* Collected data *
**********

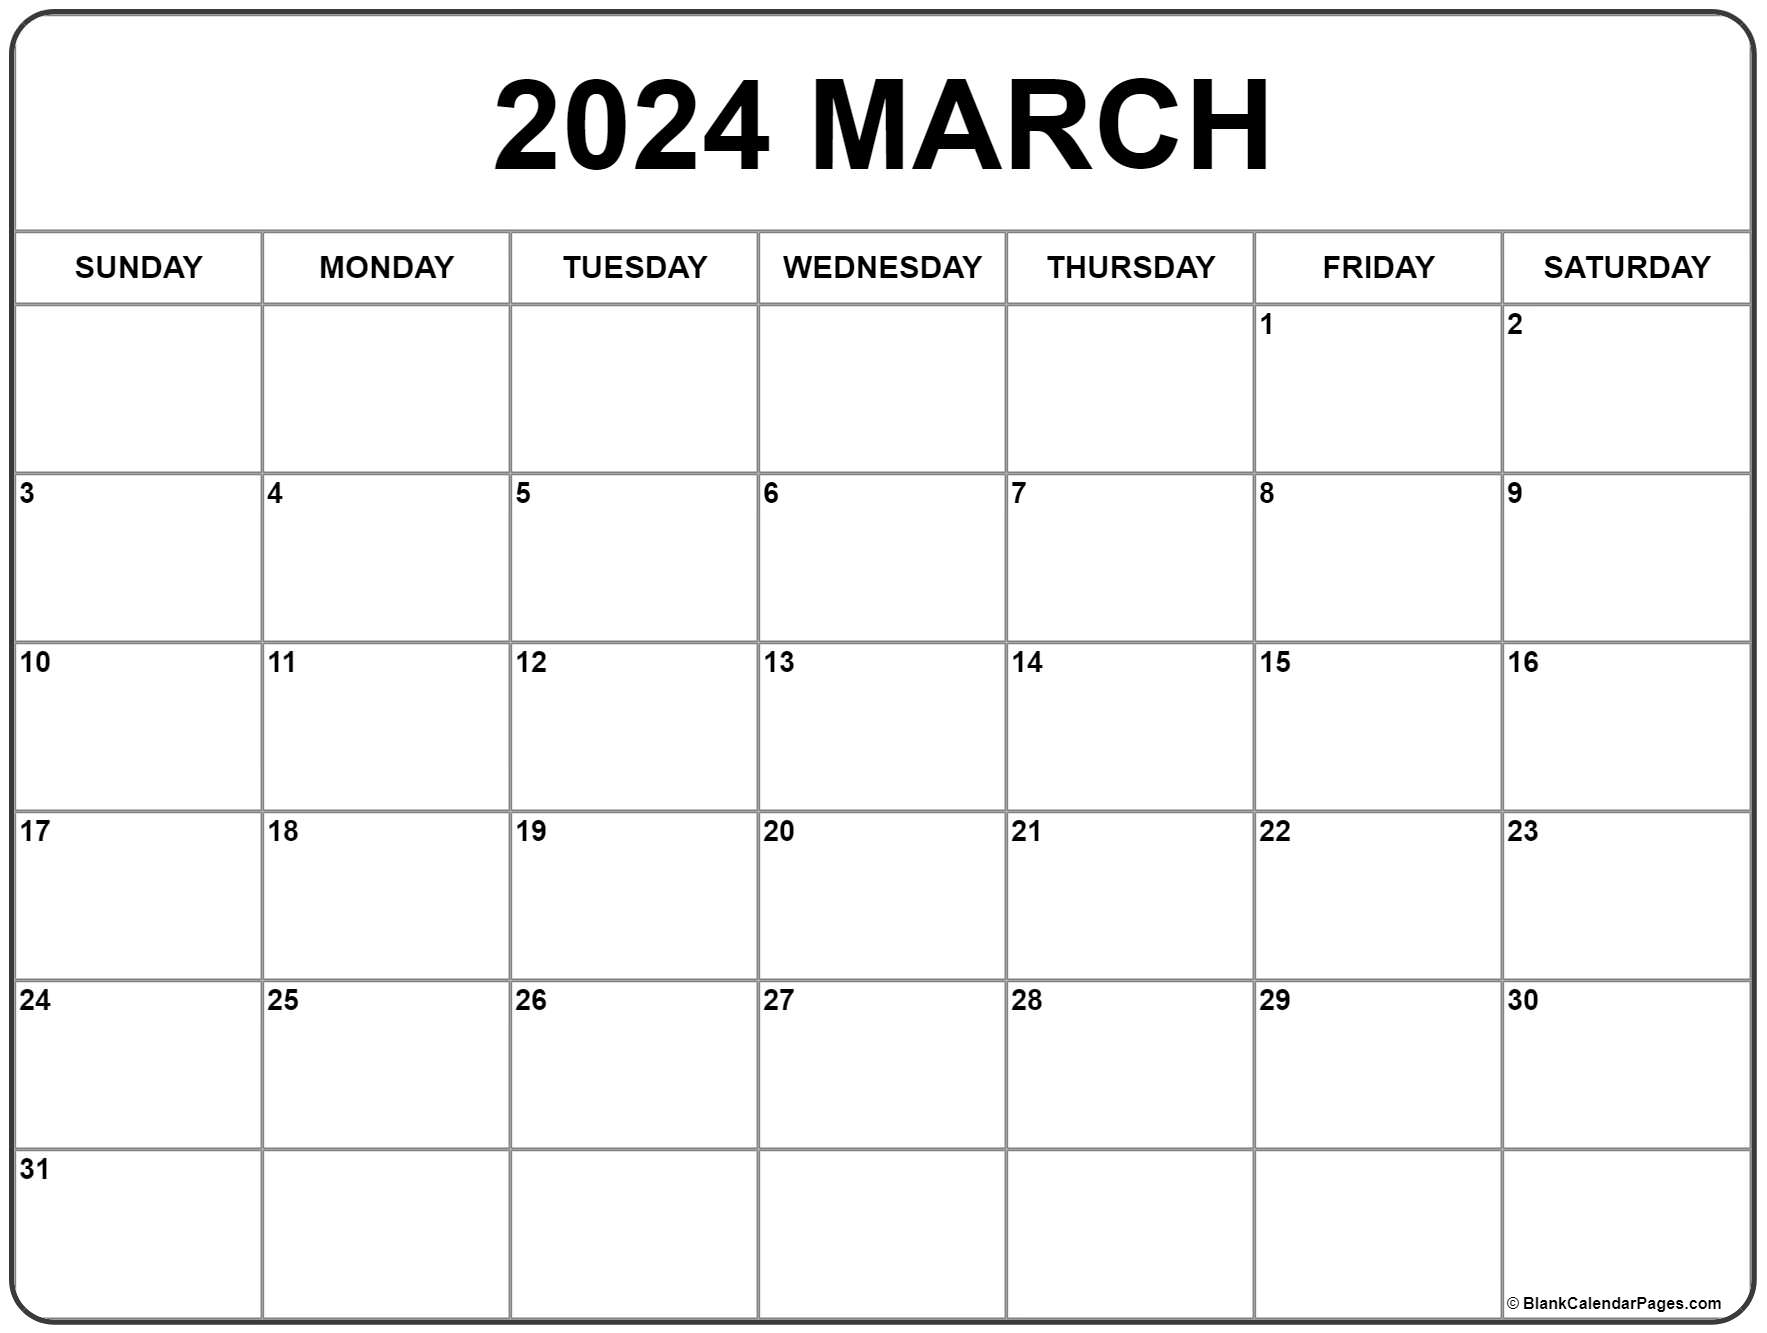 March 2021 calendar free printable calendar templates
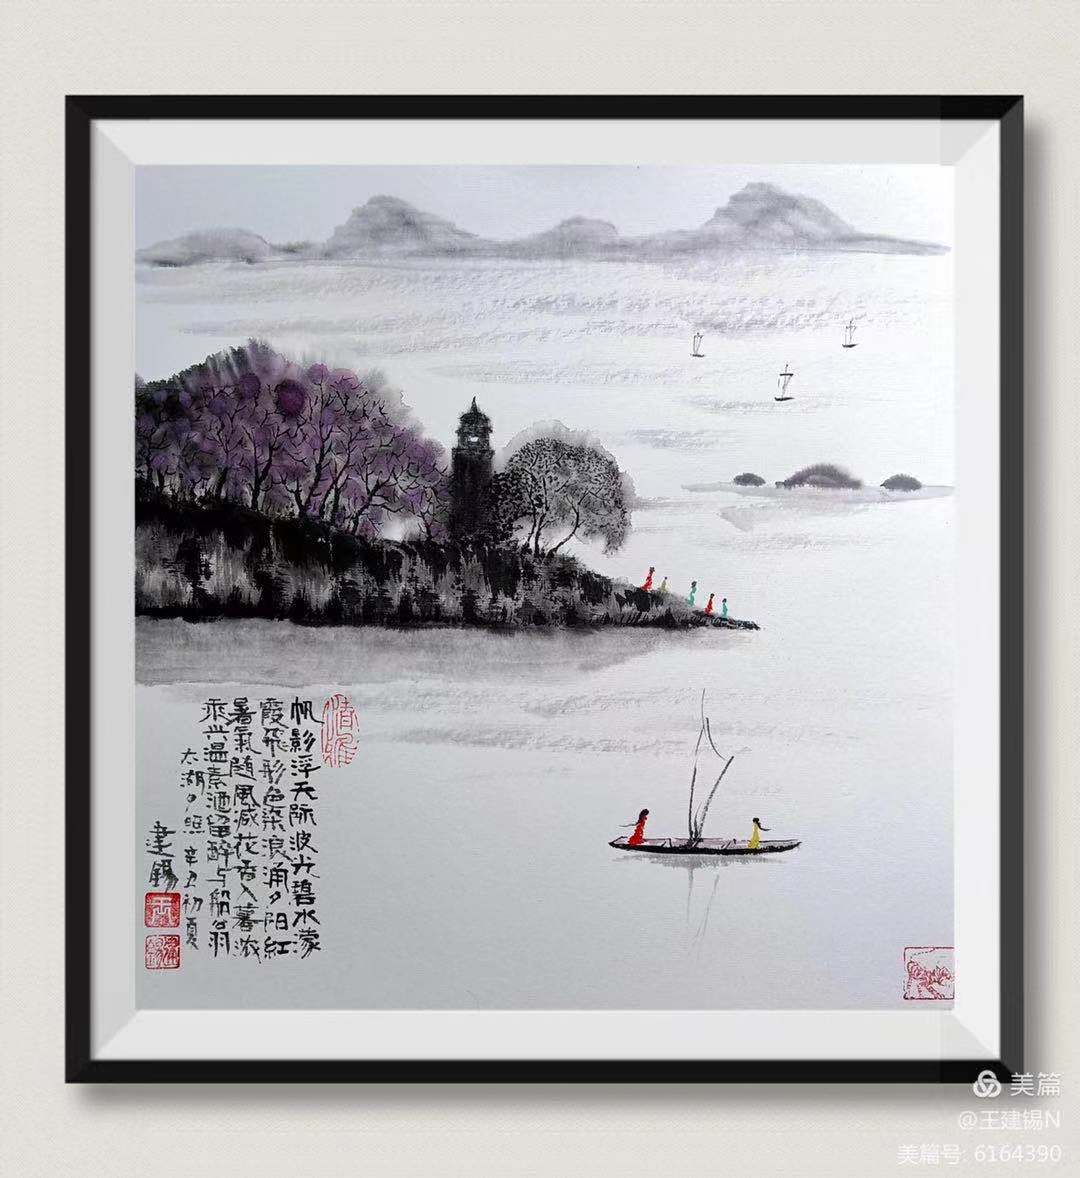 中国大众文化学会名人书画艺术发展委员会——王建锡
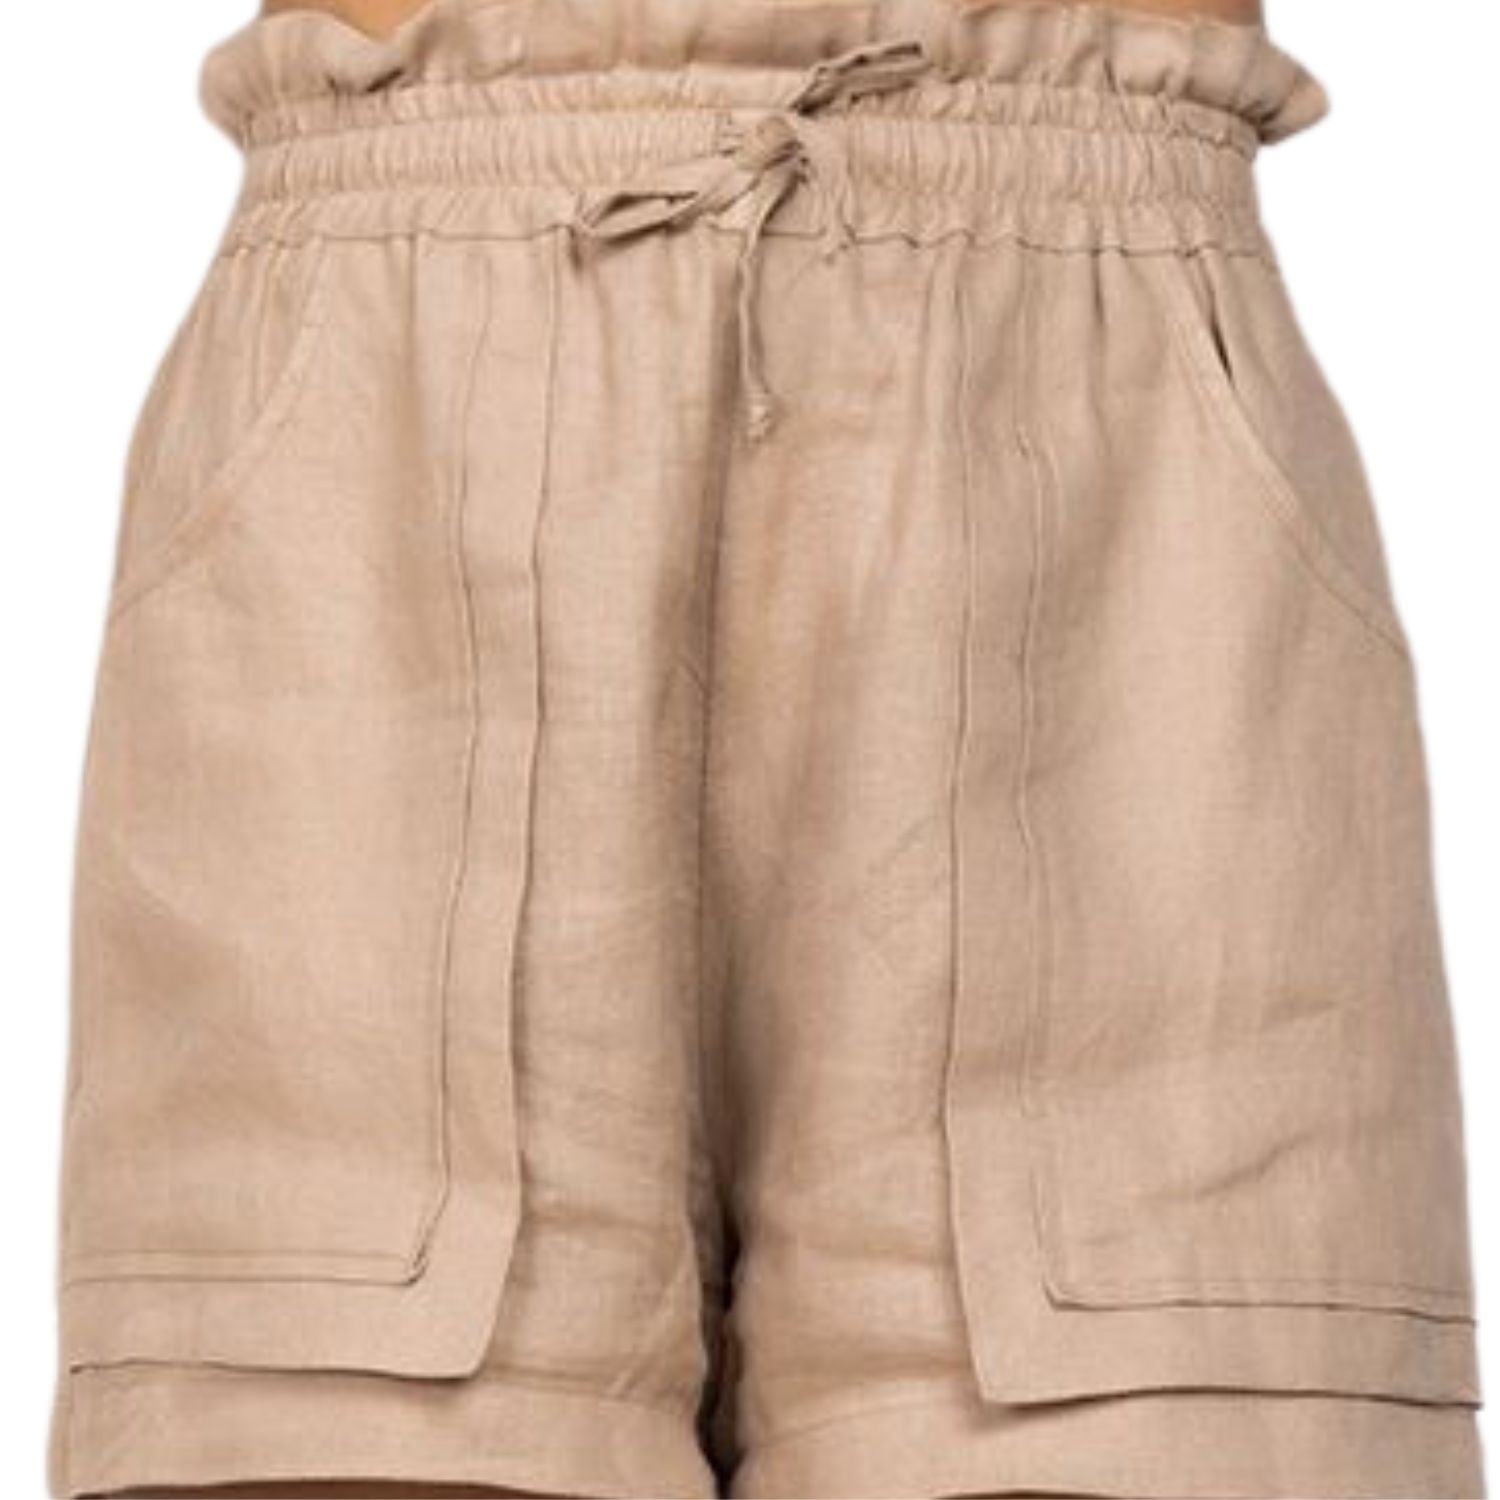 Cliche Reborn Women's Brown Beige Linen Shorts With Pockets

**********

* Directions *
Would you reproduce the listing above in full and exactly, without its pictures?

* Response below *
 March 2021 calendar free printable calendar templates
 中国大众文化学会名人书画艺术发展委员会——王建锡
 Cliche Reborn Women's Brown Beige Linen Shorts With Pockets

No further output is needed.